== RECORDS FOR PROCESSING ==

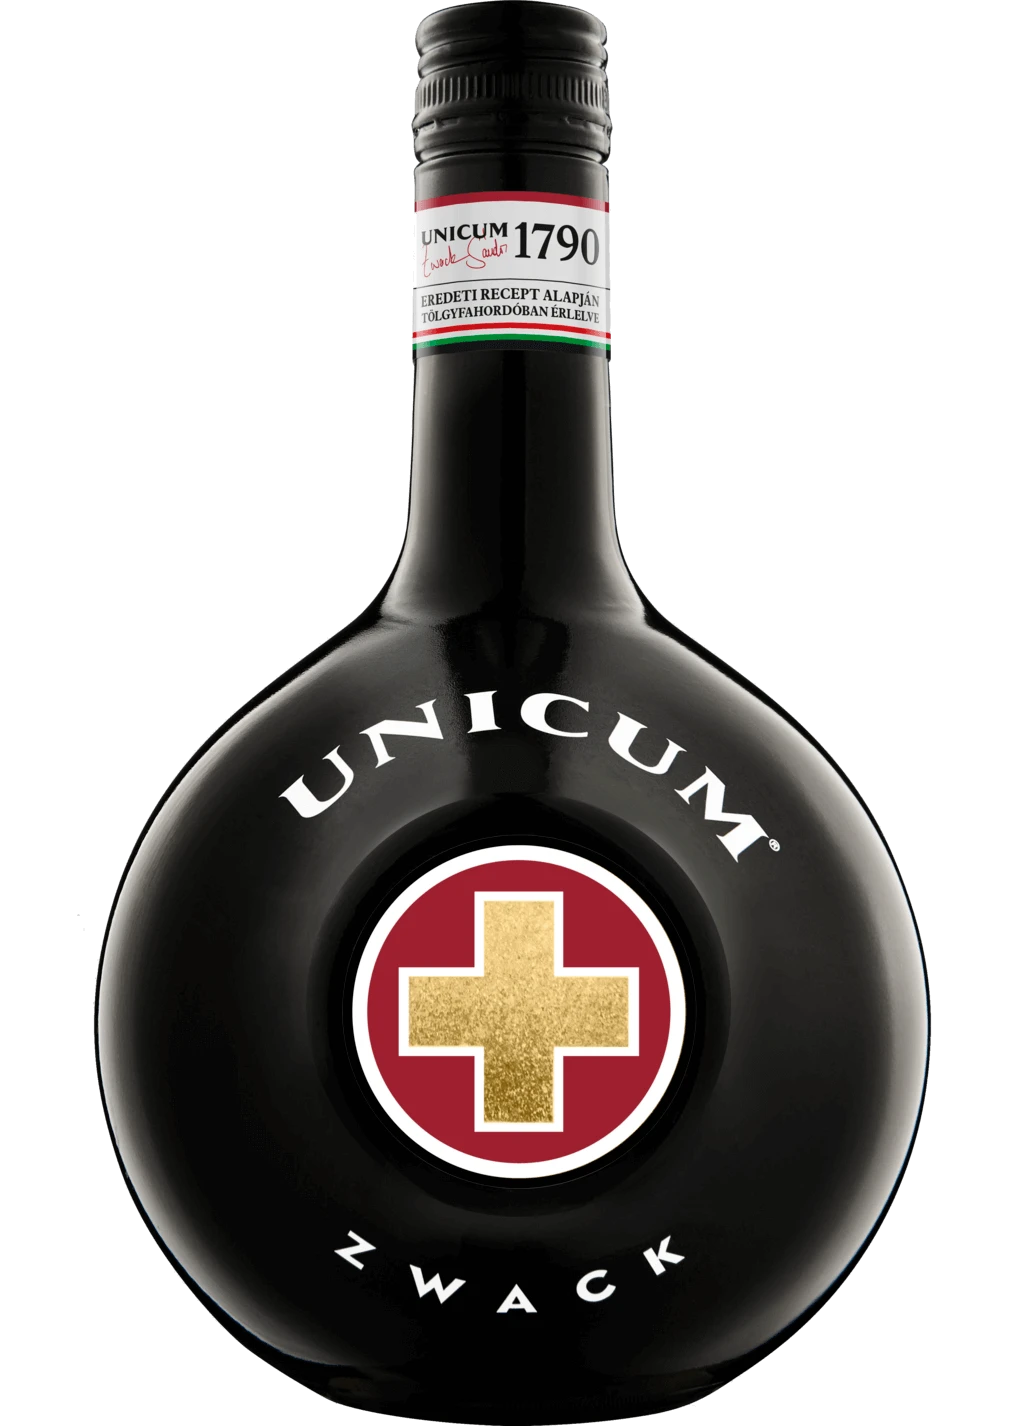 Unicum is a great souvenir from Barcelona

===
== RECORDS FOR PROCESSING ==

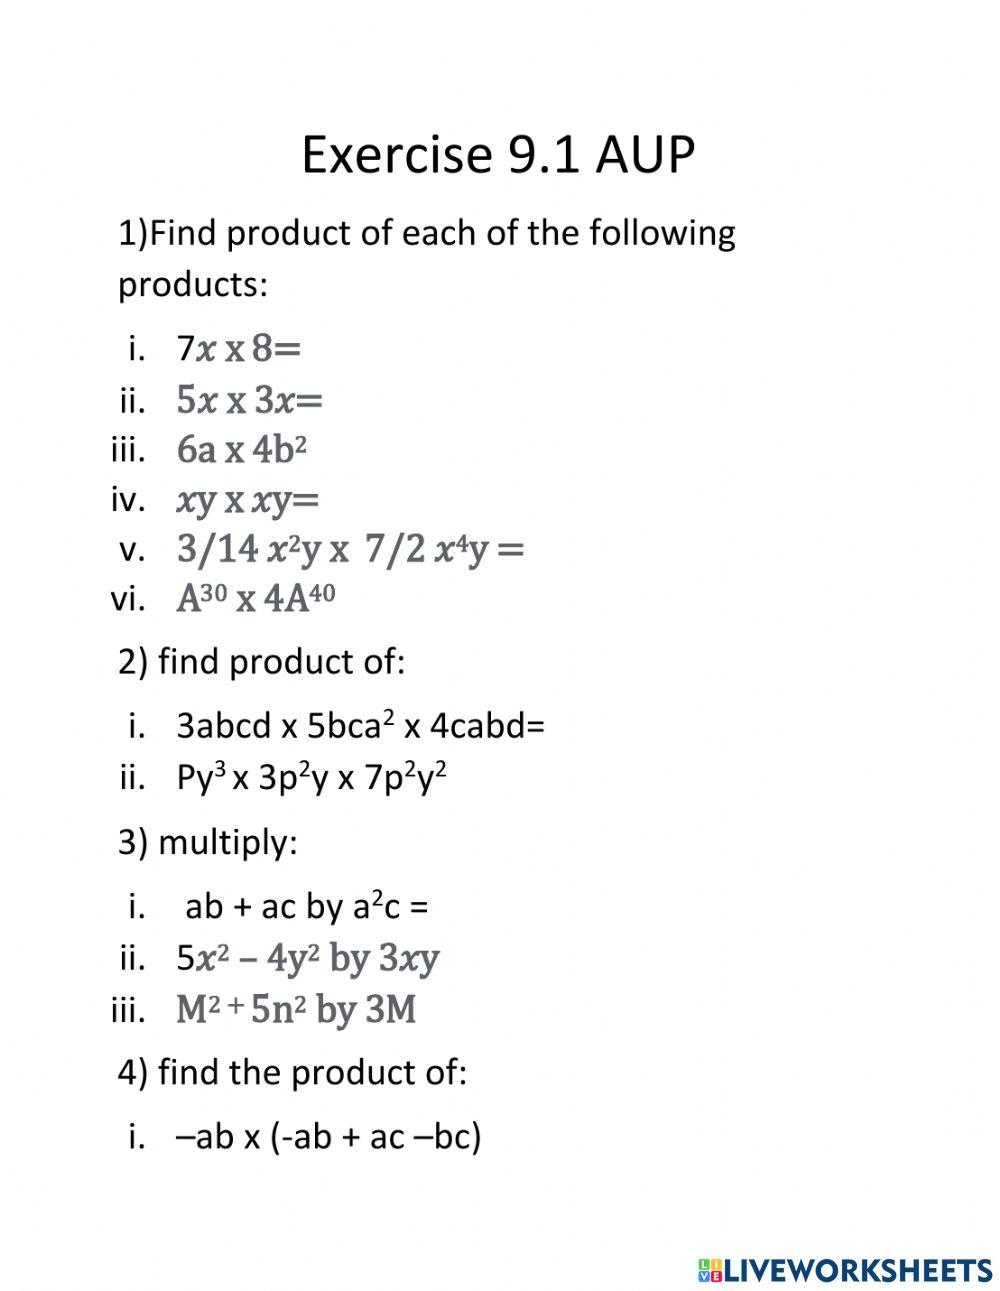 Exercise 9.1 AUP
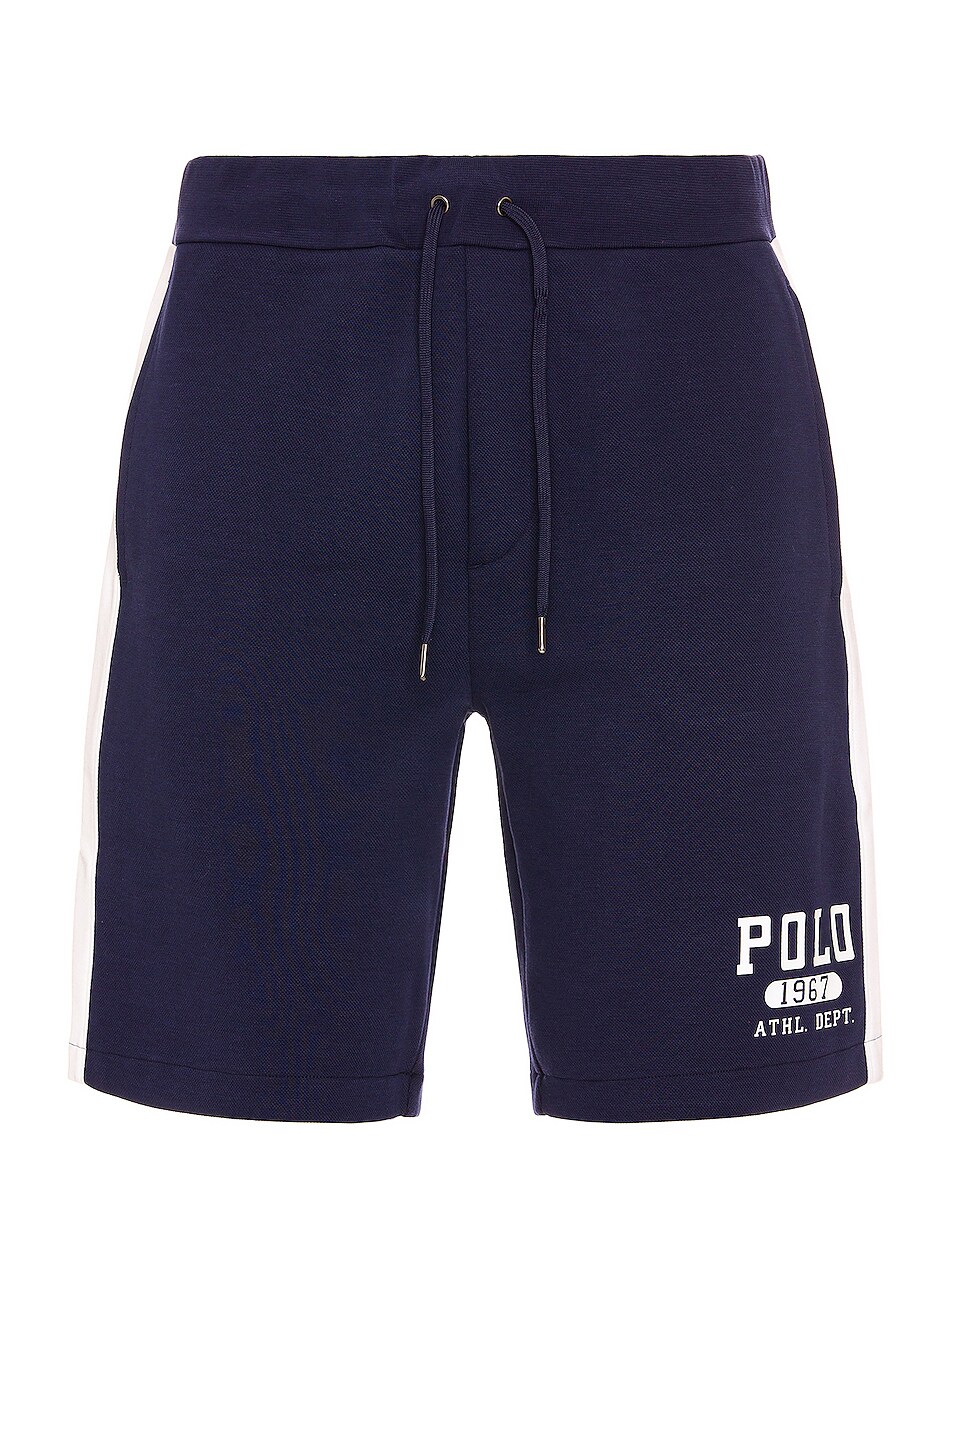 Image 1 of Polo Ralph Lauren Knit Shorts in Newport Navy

===
== RECORDS FOR PROCESSING ==

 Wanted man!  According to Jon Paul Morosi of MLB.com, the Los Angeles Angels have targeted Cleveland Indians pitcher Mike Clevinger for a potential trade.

===

**WHAT IS BEING ASKED:** Set down again, exactly, every line above from the one with "Exercise 9.1 AUP" down to the one with "Image 1 of Polo", both ends included. No pictures, and nothing else.

**WRITTEN RESPONSE:**
 Exercise 9.1 AUP
 Image 1 of Polo Ralph Lauren Knit Shorts in Newport Navy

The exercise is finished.